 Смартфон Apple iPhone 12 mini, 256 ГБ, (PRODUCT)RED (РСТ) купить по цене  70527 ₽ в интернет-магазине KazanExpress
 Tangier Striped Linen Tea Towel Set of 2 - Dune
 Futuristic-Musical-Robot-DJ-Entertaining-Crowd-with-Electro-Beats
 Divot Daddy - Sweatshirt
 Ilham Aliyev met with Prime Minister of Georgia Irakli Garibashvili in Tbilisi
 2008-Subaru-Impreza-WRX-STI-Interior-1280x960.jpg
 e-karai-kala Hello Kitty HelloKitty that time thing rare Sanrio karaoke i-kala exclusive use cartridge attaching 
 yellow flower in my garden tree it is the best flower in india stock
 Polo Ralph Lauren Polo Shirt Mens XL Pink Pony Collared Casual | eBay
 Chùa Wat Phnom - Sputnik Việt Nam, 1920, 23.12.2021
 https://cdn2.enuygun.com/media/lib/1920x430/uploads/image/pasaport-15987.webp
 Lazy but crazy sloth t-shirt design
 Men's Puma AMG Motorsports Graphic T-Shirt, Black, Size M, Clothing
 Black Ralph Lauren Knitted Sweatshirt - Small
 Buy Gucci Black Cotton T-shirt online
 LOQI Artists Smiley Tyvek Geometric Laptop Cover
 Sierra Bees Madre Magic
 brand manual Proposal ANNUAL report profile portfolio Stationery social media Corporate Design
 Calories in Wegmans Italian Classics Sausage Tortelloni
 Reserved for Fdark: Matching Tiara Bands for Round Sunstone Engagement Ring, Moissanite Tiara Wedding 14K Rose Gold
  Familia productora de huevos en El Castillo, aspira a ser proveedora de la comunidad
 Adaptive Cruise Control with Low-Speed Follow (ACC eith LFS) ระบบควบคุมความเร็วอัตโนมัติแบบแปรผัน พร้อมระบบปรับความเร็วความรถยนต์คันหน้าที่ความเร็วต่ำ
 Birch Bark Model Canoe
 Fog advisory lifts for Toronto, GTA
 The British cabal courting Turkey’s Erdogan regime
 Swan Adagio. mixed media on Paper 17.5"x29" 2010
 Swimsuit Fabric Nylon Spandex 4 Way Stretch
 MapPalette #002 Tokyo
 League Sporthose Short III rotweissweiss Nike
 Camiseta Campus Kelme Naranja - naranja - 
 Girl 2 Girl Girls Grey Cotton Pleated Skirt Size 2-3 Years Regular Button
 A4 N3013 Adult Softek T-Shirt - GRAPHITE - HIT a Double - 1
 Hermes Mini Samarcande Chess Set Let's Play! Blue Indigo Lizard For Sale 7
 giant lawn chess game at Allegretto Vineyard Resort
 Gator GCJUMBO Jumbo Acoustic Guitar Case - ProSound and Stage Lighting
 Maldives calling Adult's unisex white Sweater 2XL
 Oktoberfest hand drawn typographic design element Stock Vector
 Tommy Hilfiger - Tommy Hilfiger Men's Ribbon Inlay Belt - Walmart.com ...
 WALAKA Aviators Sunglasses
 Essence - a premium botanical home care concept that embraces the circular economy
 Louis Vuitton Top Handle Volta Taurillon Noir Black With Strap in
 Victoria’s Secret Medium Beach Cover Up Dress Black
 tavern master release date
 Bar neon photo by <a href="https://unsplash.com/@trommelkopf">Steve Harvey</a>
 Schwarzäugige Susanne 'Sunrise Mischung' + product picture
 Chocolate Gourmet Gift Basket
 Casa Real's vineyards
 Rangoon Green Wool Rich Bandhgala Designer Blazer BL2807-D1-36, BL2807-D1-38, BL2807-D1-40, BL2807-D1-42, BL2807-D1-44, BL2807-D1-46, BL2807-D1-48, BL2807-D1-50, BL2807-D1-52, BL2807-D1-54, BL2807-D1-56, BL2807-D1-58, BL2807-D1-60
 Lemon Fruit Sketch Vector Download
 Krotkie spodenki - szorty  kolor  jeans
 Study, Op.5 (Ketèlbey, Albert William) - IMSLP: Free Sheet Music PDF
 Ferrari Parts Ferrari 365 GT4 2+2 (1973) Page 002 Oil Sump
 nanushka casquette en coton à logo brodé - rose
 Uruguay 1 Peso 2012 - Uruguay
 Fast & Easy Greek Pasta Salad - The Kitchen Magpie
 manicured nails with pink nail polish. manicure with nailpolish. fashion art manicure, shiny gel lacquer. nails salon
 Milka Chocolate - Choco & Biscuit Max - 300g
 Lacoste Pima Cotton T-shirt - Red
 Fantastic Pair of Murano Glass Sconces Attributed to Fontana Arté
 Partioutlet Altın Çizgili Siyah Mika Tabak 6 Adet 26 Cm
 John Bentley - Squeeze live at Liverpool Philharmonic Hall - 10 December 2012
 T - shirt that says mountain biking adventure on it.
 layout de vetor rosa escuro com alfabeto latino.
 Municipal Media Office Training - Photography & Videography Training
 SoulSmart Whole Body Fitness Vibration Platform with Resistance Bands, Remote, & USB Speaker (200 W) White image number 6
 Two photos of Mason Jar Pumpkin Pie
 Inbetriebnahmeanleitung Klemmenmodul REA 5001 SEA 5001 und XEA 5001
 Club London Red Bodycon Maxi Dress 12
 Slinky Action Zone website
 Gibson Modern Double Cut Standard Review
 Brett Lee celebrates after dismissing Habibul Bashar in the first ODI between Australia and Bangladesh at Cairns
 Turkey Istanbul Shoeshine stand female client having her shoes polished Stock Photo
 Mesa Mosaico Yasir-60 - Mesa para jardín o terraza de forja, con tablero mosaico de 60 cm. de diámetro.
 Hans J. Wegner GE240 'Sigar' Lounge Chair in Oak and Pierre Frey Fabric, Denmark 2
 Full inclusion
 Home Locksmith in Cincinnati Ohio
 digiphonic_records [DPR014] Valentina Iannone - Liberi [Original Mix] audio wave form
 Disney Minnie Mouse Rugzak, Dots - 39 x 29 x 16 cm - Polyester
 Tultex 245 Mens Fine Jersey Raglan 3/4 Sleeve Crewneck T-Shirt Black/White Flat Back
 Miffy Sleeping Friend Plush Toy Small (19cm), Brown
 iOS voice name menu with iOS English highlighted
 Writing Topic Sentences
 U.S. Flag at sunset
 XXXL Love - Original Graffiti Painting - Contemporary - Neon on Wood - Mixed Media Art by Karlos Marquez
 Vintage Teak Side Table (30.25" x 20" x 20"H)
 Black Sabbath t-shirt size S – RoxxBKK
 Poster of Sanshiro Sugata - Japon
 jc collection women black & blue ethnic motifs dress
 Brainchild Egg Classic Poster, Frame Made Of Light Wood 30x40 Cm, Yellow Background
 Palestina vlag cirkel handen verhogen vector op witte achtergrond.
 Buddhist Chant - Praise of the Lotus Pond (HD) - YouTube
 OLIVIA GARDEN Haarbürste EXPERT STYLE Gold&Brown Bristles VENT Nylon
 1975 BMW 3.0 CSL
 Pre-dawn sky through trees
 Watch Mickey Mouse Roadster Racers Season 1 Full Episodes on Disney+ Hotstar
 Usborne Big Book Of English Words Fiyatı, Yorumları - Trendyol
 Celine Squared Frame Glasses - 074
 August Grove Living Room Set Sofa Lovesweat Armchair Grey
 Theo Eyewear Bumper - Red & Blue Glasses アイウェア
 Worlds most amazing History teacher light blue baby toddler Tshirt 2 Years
+===+
#### Task brief
Would you set down the full listing exactly as it reads?

#### Task response
 Смартфон Apple iPhone 12 mini, 256 ГБ, (PRODUCT)RED (РСТ) купить по цене  70527 ₽ в интернет-магазине KazanExpress
 Tangier Striped Linen Tea Towel Set of 2 - Dune
 Futuristic-Musical-Robot-DJ-Entertaining-Crowd-with-Electro-Beats
 Divot Daddy - Sweatshirt
 Ilham Aliyev met with Prime Minister of Georgia Irakli Garibashvili in Tbilisi
 2008-Subaru-Impreza-WRX-STI-Interior-1280x960.jpg
 e-karai-kala Hello Kitty HelloKitty that time thing rare Sanrio karaoke i-kala exclusive use cartridge attaching 
 yellow flower in my garden tree it is the best flower in india stock
 Polo Ralph Lauren Polo Shirt Mens XL Pink Pony Collared Casual | eBay
 Chùa Wat Phnom - Sputnik Việt Nam, 1920, 23.12.2021
 https://cdn2.enuygun.com/media/lib/1920x430/uploads/image/pasaport-15987.webp
 Lazy but crazy sloth t-shirt design
 Men's Puma AMG Motorsports Graphic T-Shirt, Black, Size M, Clothing
 Black Ralph Lauren Knitted Sweatshirt - Small
 Buy Gucci Black Cotton T-shirt online
 LOQI Artists Smiley Tyvek Geometric Laptop Cover
 Sierra Bees Madre Magic
 brand manual Proposal ANNUAL report profile portfolio Stationery social media Corporate Design
 Calories in Wegmans Italian Classics Sausage Tortelloni
 Reserved for Fdark: Matching Tiara Bands for Round Sunstone Engagement Ring, Moissanite Tiara Wedding 14K Rose Gold
  Familia productora de huevos en El Castillo, aspira a ser proveedora de la comunidad
 Adaptive Cruise Control with Low-Speed Follow (ACC eith LFS) ระบบควบคุมความเร็วอัตโนมัติแบบแปรผัน พร้อมระบบปรับความเร็วความรถยนต์คันหน้าที่ความเร็วต่ำ
 Birch Bark Model Canoe
 Fog advisory lifts for Toronto, GTA
 The British cabal courting Turkey’s Erdogan regime
 Swan Adagio. mixed media on Paper 17.5"x29" 2010
 Swimsuit Fabric Nylon Spandex 4 Way Stretch
 MapPalette #002 Tokyo
 League Sporthose Short III rotweissweiss Nike
 Camiseta Campus Kelme Naranja - naranja - 
 Girl 2 Girl Girls Grey Cotton Pleated Skirt Size 2-3 Years Regular Button
 A4 N3013 Adult Softek T-Shirt - GRAPHITE - HIT a Double - 1
 Hermes Mini Samarcande Chess Set Let's Play! Blue Indigo Lizard For Sale 7
 giant lawn chess game at Allegretto Vineyard Resort
 Gator GCJUMBO Jumbo Acoustic Guitar Case - ProSound and Stage Lighting
 Maldives calling Adult's unisex white Sweater 2XL
 Oktoberfest hand drawn typographic design element Stock Vector
 Tommy Hilfiger - Tommy Hilfiger Men's Ribbon Inlay Belt - Walmart.com ...
 WALAKA Aviators Sunglasses
 Essence - a premium botanical home care concept that embraces the circular economy
 Louis Vuitton Top Handle Volta Taurillon Noir Black With Strap in
 Victoria’s Secret Medium Beach Cover Up Dress Black
 tavern master release date
 Bar neon photo by <a href="https://unsplash.com/@trommelkopf">Steve Harvey</a>
 Schwarzäugige Susanne 'Sunrise Mischung' + product picture
 Chocolate Gourmet Gift Basket
 Casa Real's vineyards
 Rangoon Green Wool Rich Bandhgala Designer Blazer BL2807-D1-36, BL2807-D1-38, BL2807-D1-40, BL2807-D1-42, BL2807-D1-44, BL2807-D1-46, BL2807-D1-48, BL2807-D1-50, BL2807-D1-52, BL2807-D1-54, BL2807-D1-56, BL2807-D1-58, BL2807-D1-60
 Lemon Fruit Sketch Vector Download
 Krotkie spodenki - szorty  kolor  jeans
 Study, Op.5 (Ketèlbey, Albert William) - IMSLP: Free Sheet Music PDF
 Ferrari Parts Ferrari 365 GT4 2+2 (1973) Page 002 Oil Sump
 nanushka casquette en coton à logo brodé - rose
 Uruguay 1 Peso 2012 - Uruguay
 Fast & Easy Greek Pasta Salad - The Kitchen Magpie
 manicured nails with pink nail polish. manicure with nailpolish. fashion art manicure, shiny gel lacquer. nails salon
 Milka Chocolate - Choco & Biscuit Max - 300g
 Lacoste Pima Cotton T-shirt - Red
 Fantastic Pair of Murano Glass Sconces Attributed to Fontana Arté
 Partioutlet Altın Çizgili Siyah Mika Tabak 6 Adet 26 Cm
 John Bentley - Squeeze live at Liverpool Philharmonic Hall - 10 December 2012
 T - shirt that says mountain biking adventure on it.
 layout de vetor rosa escuro com alfabeto latino.
 Municipal Media Office Training - Photography & Videography Training
 SoulSmart Whole Body Fitness Vibration Platform with Resistance Bands, Remote, & USB Speaker (200 W) White image number 6
 Two photos of Mason Jar Pumpkin Pie
 Inbetriebnahmeanleitung Klemmenmodul REA 5001 SEA 5001 und XEA 5001
 Club London Red Bodycon Maxi Dress 12
 Slinky Action Zone website
 Gibson Modern Double Cut Standard Review
 Brett Lee celebrates after dismissing Habibul Bashar in the first ODI between Australia and Bangladesh at Cairns
 Turkey Istanbul Shoeshine stand female client having her shoes polished Stock Photo
 Mesa Mosaico Yasir-60 - Mesa para jardín o terraza de forja, con tablero mosaico de 60 cm. de diámetro.
 Hans J. Wegner GE240 'Sigar' Lounge Chair in Oak and Pierre Frey Fabric, Denmark 2
 Full inclusion
 Home Locksmith in Cincinnati Ohio
 digiphonic_records [DPR014] Valentina Iannone - Liberi [Original Mix] audio wave form
 Disney Minnie Mouse Rugzak, Dots - 39 x 29 x 16 cm - Polyester
 Tultex 245 Mens Fine Jersey Raglan 3/4 Sleeve Crewneck T-Shirt Black/White Flat Back
 Miffy Sleeping Friend Plush Toy Small (19cm), Brown
 iOS voice name menu with iOS English highlighted
 Writing Topic Sentences
 U.S. Flag at sunset
 XXXL Love - Original Graffiti Painting - Contemporary - Neon on Wood - Mixed Media Art by Karlos Marquez
 Vintage Teak Side Table (30.25" x 20" x 20"H)
 Black Sabbath t-shirt size S – RoxxBKK
 Poster of Sanshiro Sugata - Japon
 jc collection women black & blue ethnic motifs dress
 Brainchild Egg Classic Poster, Frame Made Of Light Wood 30x40 Cm, Yellow Background
 Palestina vlag cirkel handen verhogen vector op witte achtergrond.
 Buddhist Chant - Praise of the Lotus Pond (HD) - YouTube
 OLIVIA GARDEN Haarbürste EXPERT STYLE Gold&Brown Bristles VENT Nylon
 1975 BMW 3.0 CSL
 Pre-dawn sky through trees
 Watch Mickey Mouse Roadster Racers Season 1 Full Episodes on Disney+ Hotstar
 Usborne Big Book Of English Words Fiyatı, Yorumları - Trendyol
 Celine Squared Frame Glasses - 074
 August Grove Living Room Set Sofa Lovesweat Armchair Grey
 Theo Eyewear Bumper - Red & Blue Glasses アイウェア
 Worlds most amazing History teacher light blue baby toddler Tshirt 2 Years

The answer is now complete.